9. A key mechanism according to Claim 8 wherein the annular passageway is positioned in a part of said one of the body and the sleeve beyond an end of said other of the body and the sleeve having a code member and the slot extends radially inward and outward of the annular passageway.

10. A key mechanism according to any one of the preceding claims wherein the sleeve includes the annular passageway and the body includes the code member.

11. A key mechanism according to Claim 10 wherein the body includes an axial bore for receiving a key.

12. A key mechanism according to any one of the preceding claims including a plurality of slots and code members.

13. A key mechanism substantially as hereinbefore described with reference to any one of the accompanying drawings.

14. A key for use with the key mechanism of any one of the preceding claims.

15. The combination of a key-mechanism according to any one of Claims 1 to 9 and the key of Claim 14.

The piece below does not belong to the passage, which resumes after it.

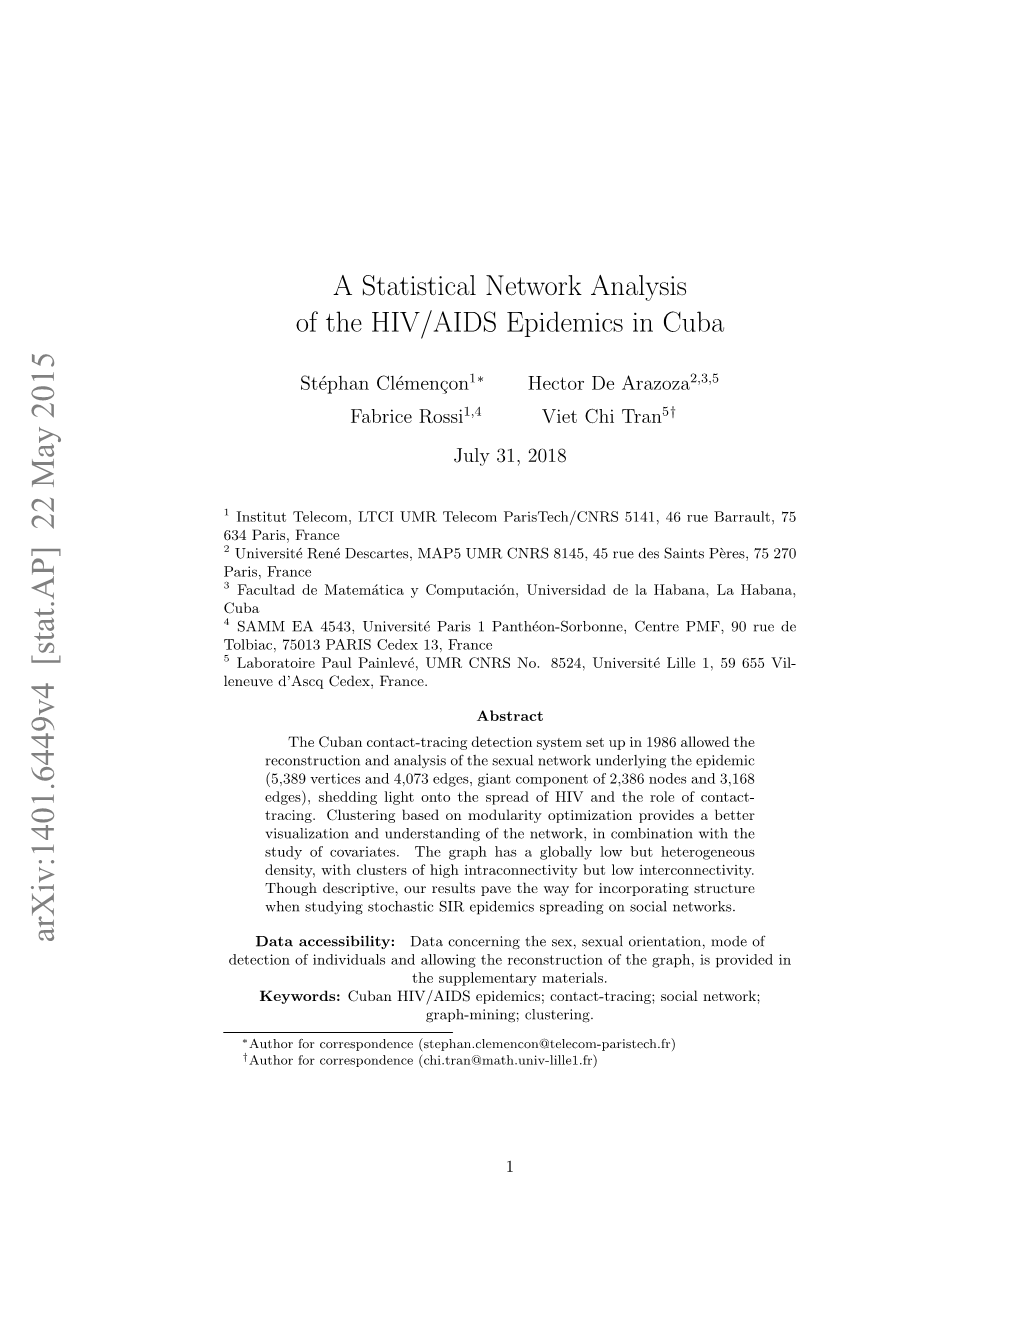 A Statistical Network Analysis of the HIV/AIDS Epidemics in Cuba

16. A locking mechanism for a valve, the valve being operable by movement of a first element relative to a second element, the locking mechanism including a first member for mounting on the first element, a second member, means for selectively preventing relative movement of said first member and said second member and means for fixedly connecting said second member of the locking mechanism to said second element, whereby prevention of relative movement of said first and said second members of the locking mechanism locks the valve, wherein said connecting means are configured to be accessible from the exterior of the locking mechanism when fixed in position on the valve and may be broken so that the valve can be operated.

17. A locking mechanism according to Claim 16 wherein said connecting means includes at least two elongate members.

18. A locking mechanism according to Claim 17 wherein the elongate members can be threaded through a part of said second member.

19. A locking mechanism according to Claim 18 wherein said second member includes a ring for each elongate member, the ring being fixed to an exterior surface of said second member.

20. A locking mechanism for a valve substantially as hereinbefore described with reference to any one of the accompanying drawings.

21. The combination of a valve and a locking mechanism according to any one of Claims 16 to 20.

22. The combination of a locking mechanism according to any one of Claims 17 to 20 and a valve, wherein the elongate members can be passed through a part of the valve body.